In the wake of the current controversy regarding the treatment of applications for exempt status from conservative groups, much has been made in the press and congressional hearings that while the statute governing Section 501(c)(4) organizations says it must be operated “exclusively” for the promotion of social welfare, the regulations governing these groups state that “exclusively” means “primarily” engaged in promoting social welfare.
In a June 4 hearing by the House Ways and Means Committee, for example, Congressman Lloyd Doggett, a Texas Democrat, stated that Congress was very clear that section 501(c)(4) organizations “must be operated exclusively for the promotion of social welfare” and the IRS was wrong to promulgate a later regulation that “seems to conflict direct with the clear wording of the statute” in order to give the IRS “discretion to explore organizations” like those that are the subject of the current scrutiny.
The implication is that Treasury and the IRS somehow acted nefariously to undermine congressional intent.

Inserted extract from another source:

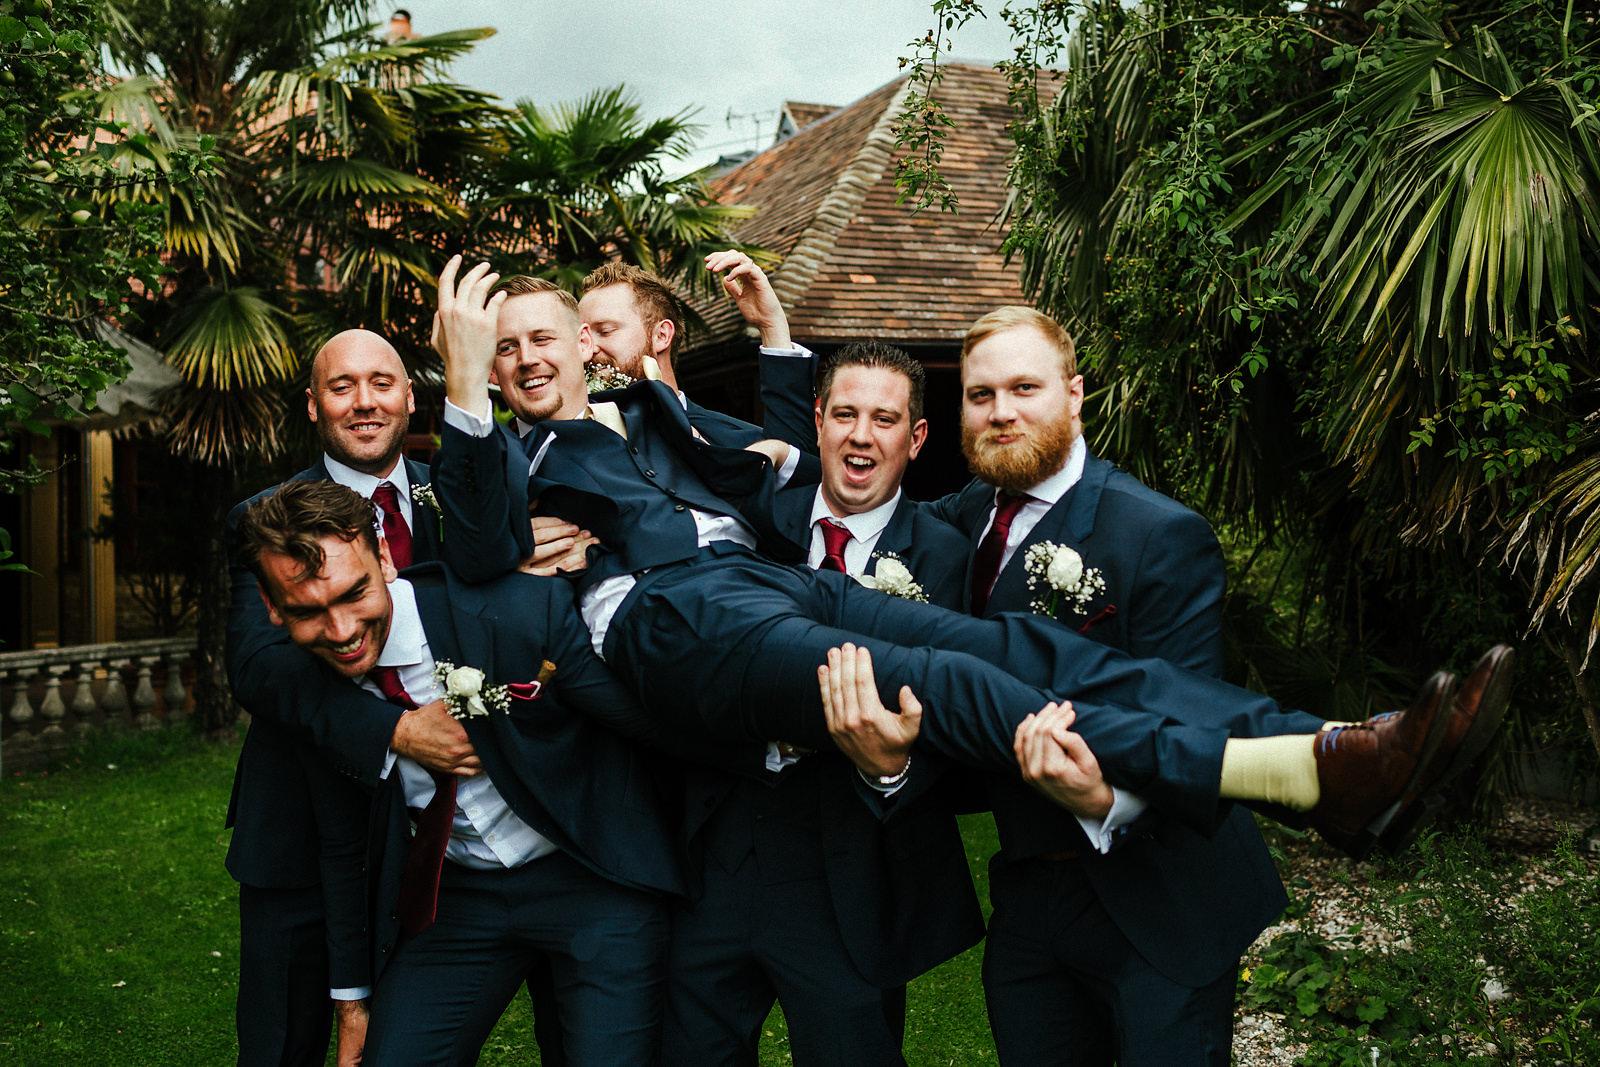 Best Crazy Bear wedding photos in Stadhampton

“The macaroni monopoly will be in the hands of the university ... and eventually all the noodles produced in this country will be produced by corporations held or created by universities.”
Nothing could be further from the truth. IRS-issued regulations interpreting “exclusively” to mean “primarily” exist not only for Section 501(c)(4) social welfare organizations that range from the Sierra Club and League of Women Voters to these conservative advocacy groups, but also—in 1959 and under Dwight D. Eisenhower—for Section 501(c)(3) charities. These regulations were needed after Congress changed how tax-exempt organizations were treated, a change that still applies today.
In 1950, Congress enacted a set of rules known as the unrelated business income tax, or UBIT. Pre-UBIT, tax exemption depended on the destination, not the source, of the income. Famously, the New York University Law School owned Mueller Macaroni, which operated free of tax because its profits supported the school’s exempt activities. In one congressional hearing, a congressman warned that unless action was taken, “the macaroni monopoly will be in the hands of the university ... and eventually all the noodles produced in this country will be produced by corporations held or created by universities.”
Spurred by such concerns over unfair competition and lost revenue, Congress enacted the UBIT. It taxed any trade or business regularly carried on by Section 501(c) organizations if the activity is not related—aside from the need for funding—to the organization’s exempt purpose. For example, a recent IRS College and University Compliance Project reported that these institutions were subject to UBIT on golf courses and sports camps that were open to the public and charged fees comparable to for-profit endeavors.
The UBIT rules acknowledged and accepted that exempt organizations could engage in activities that did not carry out their exempt purpose. Thus, the earlier statutory language requiring that section 501(c)(3) and 501(c)(4) organizations operate “exclusively” for their exempt purposes no longer accurately described the applicable law. Treasury regulations then reinterpreted “exclusively” as “primarily.” (These IRS regulations were not issued until 1959, but they applied retroactively to 1953.)
Critics of the “primarily” language in the regulations often point to language in a 1945 Supreme Court opinion, Better Business Bureau, that the presence of any substantial non-exempt purpose will destroy exemption. “Purpose,” however, is not the same as “activity,” and the regulations focus on the nature of the exempt organization’s operations and activities, not their purpose. Moreover, Better Business Bureau predated the UBIT regime and thus could not consider the impact of unrelated activities on exemption.
I agree with those arguing that clarification of the amount and kind of campaign intervention permitted for Section 501(c)(4) organizations is needed. But formulating appropriate rules is not an easy task. We would need to make allowances for activities subject to UBIT, such as advertising income, university travel tours without educational content, use of museum facilities for private events, or pharmacy sales to the general public. We must decide how to regulate organizations engaged in substantial campaign intervention—but still not primarily engaged in campaign intervention as required for “political organizations” subject to Section 527 of the Internal Revenue Code.
Our problems regarding excessive campaign intervention by these kinds of organizations will not be solved, at a penstroke, by simply returning to the statutory requirement that these groups be “operated exclusively for the promotion of social welfare.”